What an awful position to be in. On the one hand we all know people are desperate. Stressed. Miserable. These are not bad, selfish people who don’t care about anything but themselves. It’s a really tough place to be—now and always! I know what to me is the “right” thing to do, but this is what I “want” to do.

To complicate matters further, not all the experts agree on what is the “right” thing and not all the information we’ve been given is accurate. For those interested in pursuing that little conundrum, you might enjoy taking a “mini-quiz” put together by Veronica Penney (August 2020.)

Then, when we’ve looked into the situation as much as we can for now, we can return to what is often seen as the highest “value” for awareness practitioners: lovingkindness and compassion. It’s not either/or. It’s not sacrificing a human being to one side or the other of ego’s dualistic torturing. This can take us right back to #6 on the Jump Campaign. What is one thing we can take on? Sure, I take reusable bags to the grocery store, but, as a meat eater, might I add not having meat at one, two, or even three meals a week? Can I use a clothes line or drying rack rather than automatically putting everything in the dryer? Can I bundle my errands and drive less? Can I unplug things in the house that draw energy unnecessarily?

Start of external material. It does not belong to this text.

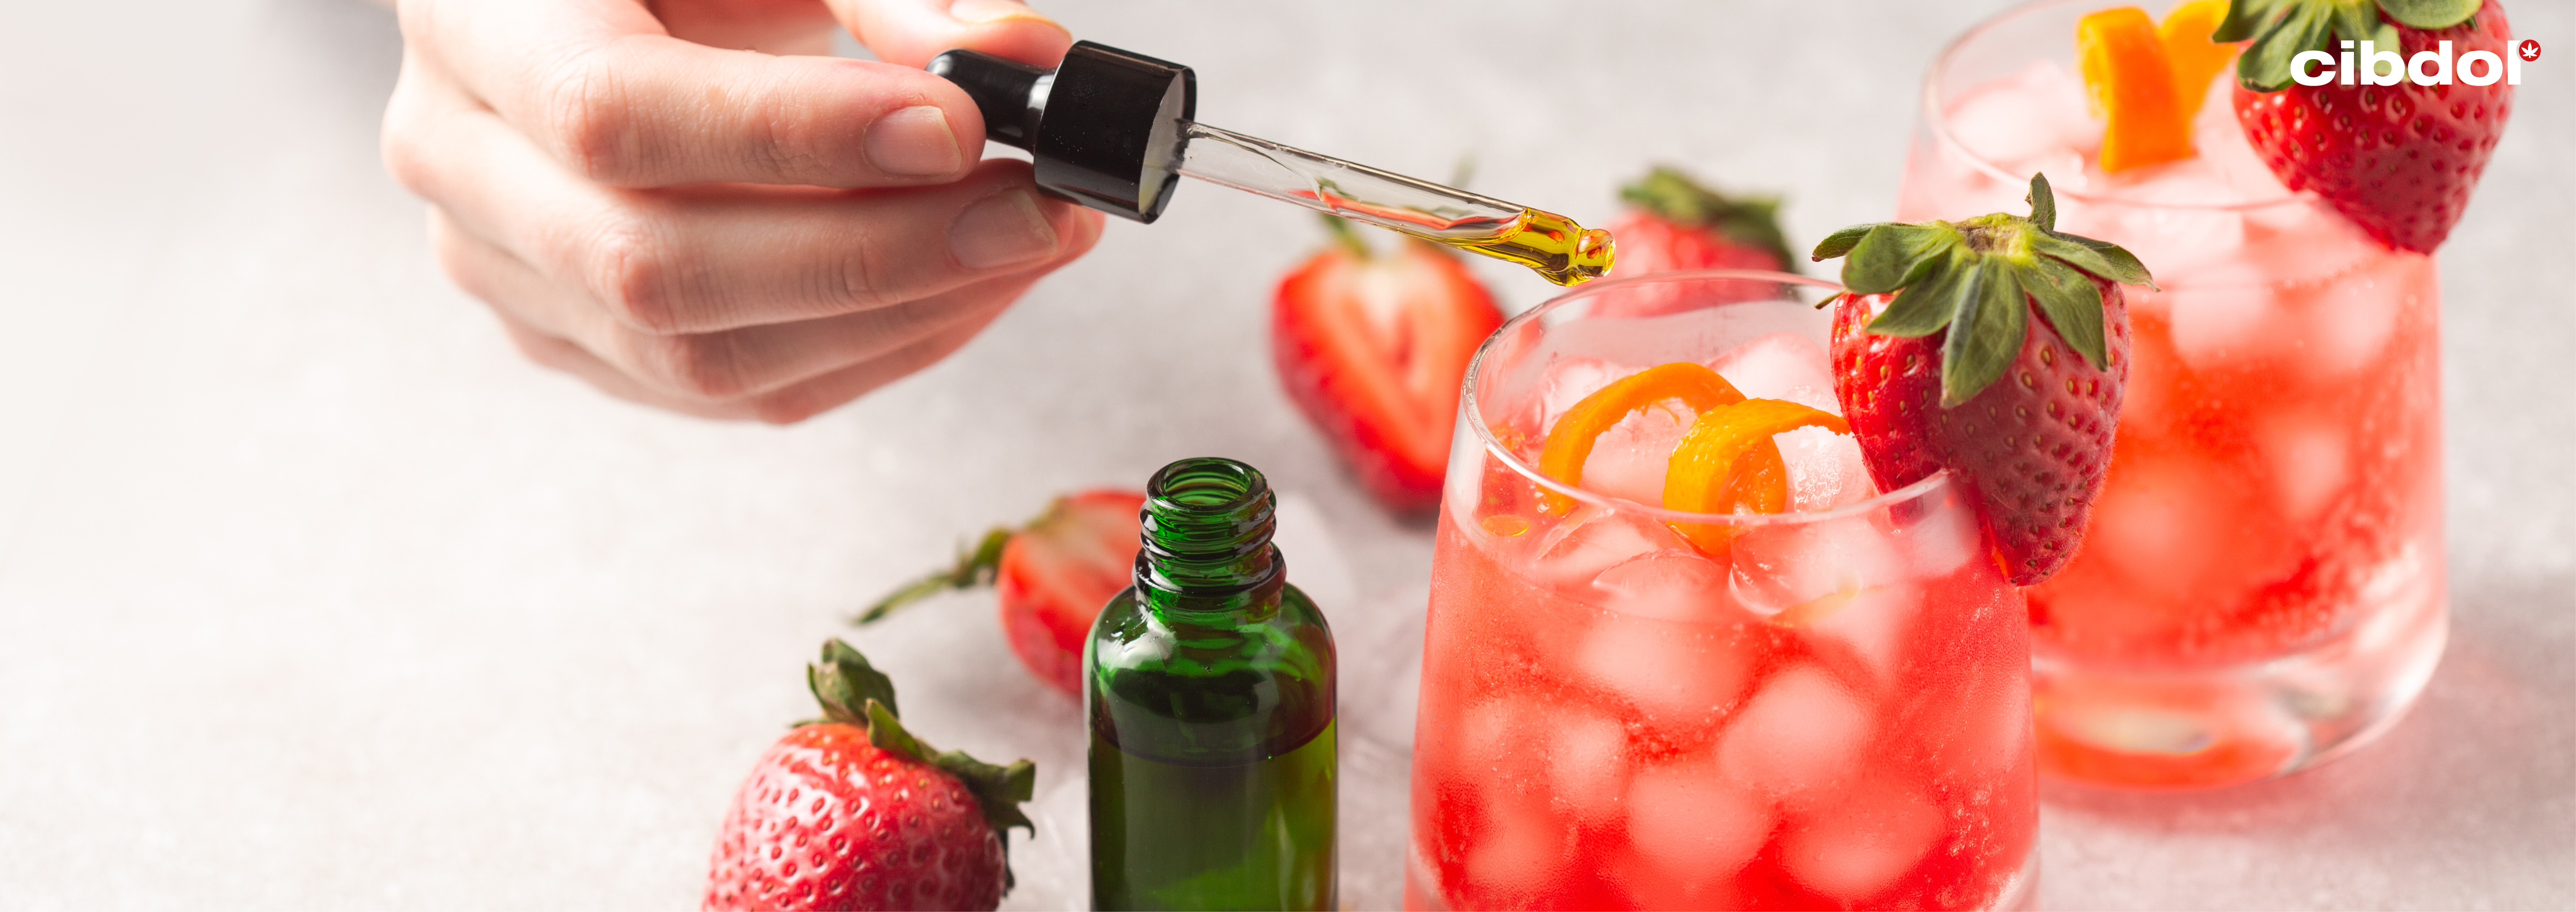 Can you mix CBD oil and alcohol?

No deprivation. Just a little something to feel good about.

As we read in Braiding Sweet Grass, we are in a symbiotic, reciprocal relationship with the Earth. Are we giving back the measure of what we take? It’s not about “making do” and feeling deprived but enjoying what we do have. This little bird who has lost a leg, can be our role model of accepting a circumstance and still having a good time and having a wonderful life.